I think of the overwhelming love that I have for my children (my Wyndham and my Paisley-still growing in my belly, kicking my bladder thank you very much). And I think of my mother and the love that I have for her and the Love that she has for her 4 girls. You love your mother, you always do and you can't remember a time where you didn't, you just do from birth (oh believe me I went through my teenage rebellion years but I always loved her). Your baby knows your smell and your voice and he or she knows this before he or she is even out of your womb- how crazy is that?! The moment I held Wyndham for the first time, I could calm her within minutes, she knew my voice and my smell. Even at just a few days old she could tell when I would hold her vrs when someone else would. Before I had Wyndham people would try to explain the love of a mother to me, and I thought I understood it, seeing as I have a mother and I had a baby in my belly and loved her already, and I loved my neices and nephew so much. But the moment you lay eyes on that baby and you hold her (or him) it is an instantaneous, unexplainable, crazy, crazy love. A love that I truly canNOT describe. You instantly know that you would give that being your last breathe, your every dollar and would fight like a lioness would for her (or "a momma bear" -as Ryan calls it- and it has come out in me a couple times, ok maybe more than a couple. I am protective whatev, Ryan finds it oh so humorous, but no big deal, i don't care!). And this love that you have for this child is shared between you and your husband. I loved Ryan so so much before we had Wyndham, I couldn't imagine loving him anymore, but having this child brings you to a whole other level that you didn't know existed in your relationship, and you love the father/mother of your child even more.

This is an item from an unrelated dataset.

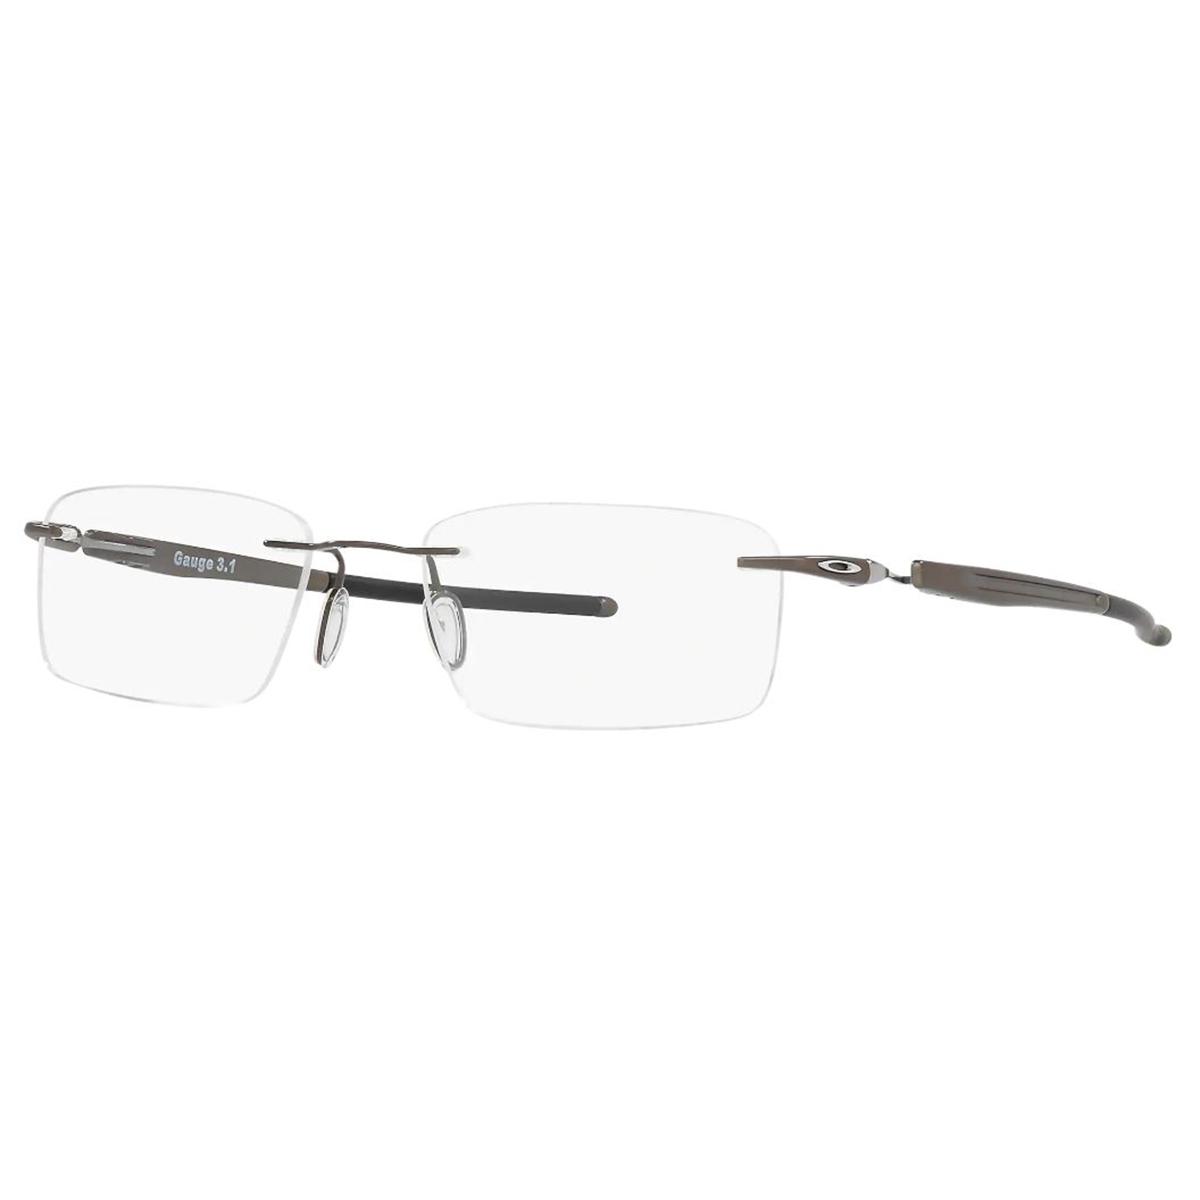 Óculos de Grau Oakley Titanium Gauge 3.1 OX5126 Parafusado Prata

Ryan said after I delivered Wyndham that I was so strong, I was his hero. To me it was no heroic act, it's what Mommas do, they carry their growing baby around for 9 months then squeeze a baby out of WHAT?! then keep going- do big deal (and for those of you who have not had children, don't listen to all the horror stories people want to tell you, it will probably be the most painful thing you do -that is true- but even so it's totally do-able, not that bad and totally worth it! you get a sweet sweet prize at the end. It all goes back to normal and if it was so bad I would not be doing this again in less then a 20 month span?!?! I think not, I'm a wimp). And sweet Ryan/Daddy is our prince in shining armor everyday. The way Wyndham lights up when he walks in the door in indescribable, so priceless. As a mother, you love your husband more for the way he loves your child.

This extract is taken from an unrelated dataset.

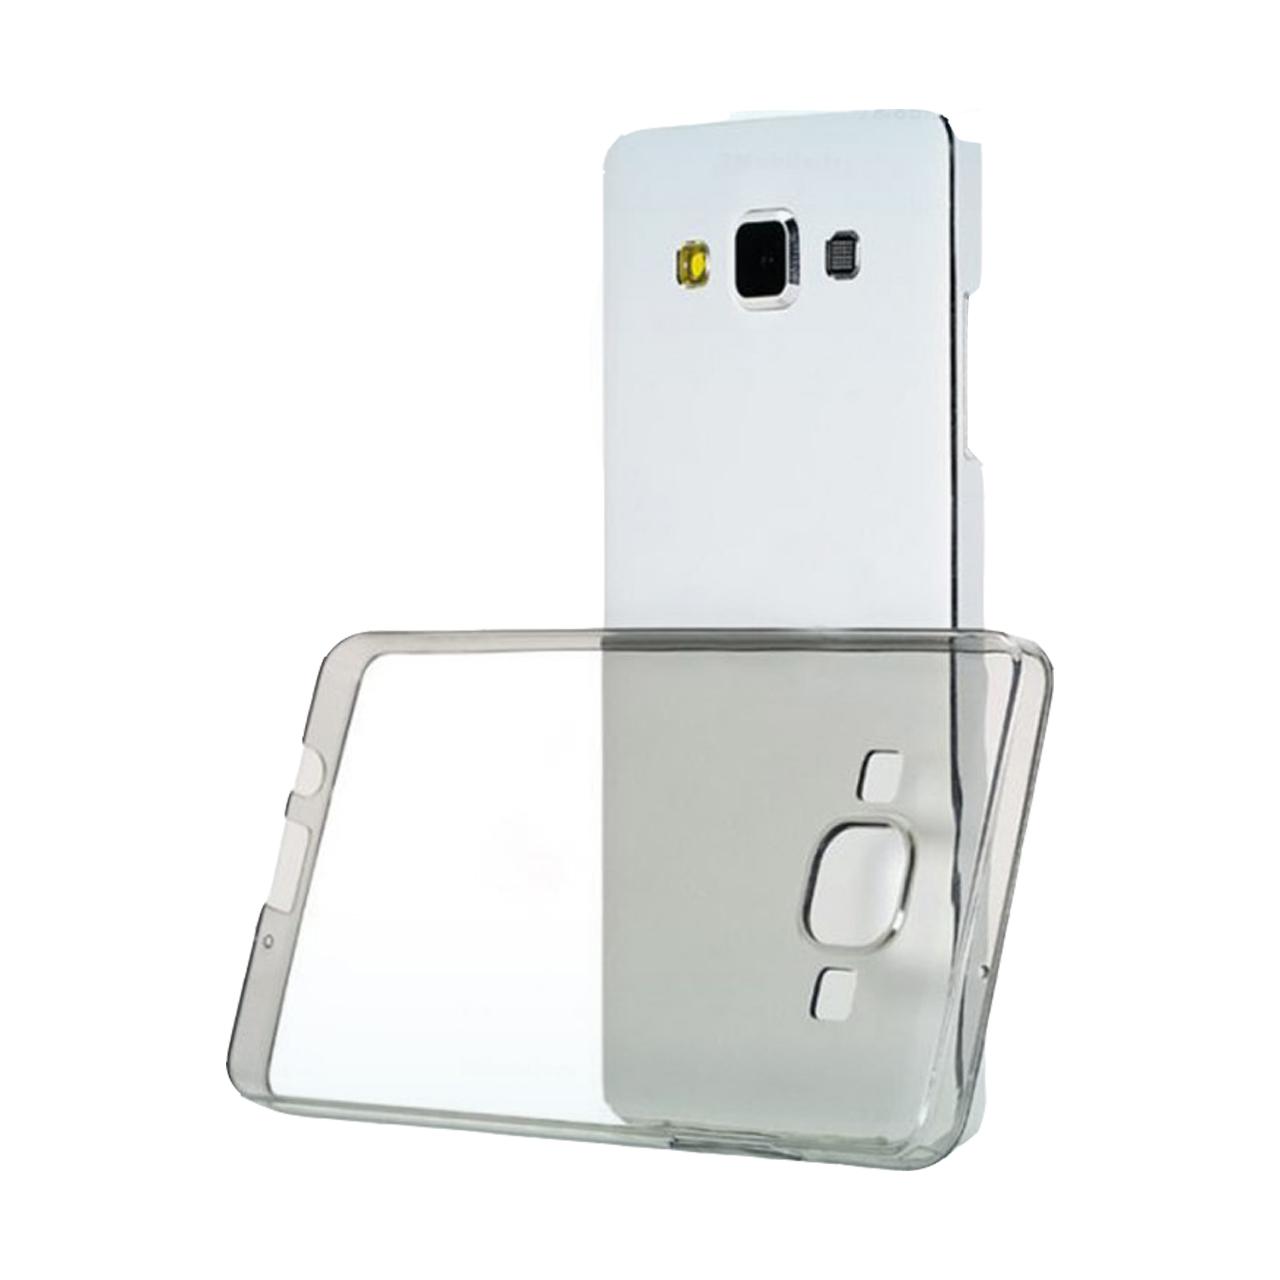 کاور گوشی موبایل سامسونگ مدل e5 مناسب برای گوشی موبایل سامسونگ Galaxy E5              ( قیمت و خرید)

I'm reminded of mother's past. Ryan's grandmothers (Wonda Lee and Maryanne), and the love that they had for their kids and their children/grandchildren's adoration of them years and years after their passing. My Mother's mother, Erma, she was a beautiful and gentle woman. A funny woman with a language all her-which I still tend to use to this day. I love the way Ryan still thinks about often and misses his Nan. Although he was only around 5 or so when she passed, she left a large and lasting impression on him. And Wonda Lee-- I love that I wear her diamond everyday, not just b/c it is a beautiful and a perfect emerald cut diamond, but because it was hers. I wish I could have met her, but in a strange way I feel like I have. People who knew Wonda say that there is no mistaking Debbie (my mother in law) as her daughter, and the stories I hear of her make me think I knew her.
For some reason when you become a mother you instantly grow this huge sense of empathy and sympathy. When another mother is hurting for her child you can relate. To see your child hurting, in any way -emotionally, phsyically anything is beyond horrible- you would take that pain on in a moment and times a thousand to not have your child hurting. When Wyndham has been sick it breaks my heart, I'd rather be sick a ten times worse than have her hurting. When a friend, sister, co-worker is crying for their child you cry too, not much of an option there for me. No one cries alone in my presence....And when you become a mother you have a new appreciation for your mother and the mother of your spouse, you just get a glimpse of what its like in someone else's shoes for a minute.
And speaking of Momma Bears, I can recall quite a few instances where my own mom turned into a quite a Lioness! Guess I learned from the pro! She has even done so for her Grandkids when needed now. Bless her heart, she will not allow anything to her little chitlins.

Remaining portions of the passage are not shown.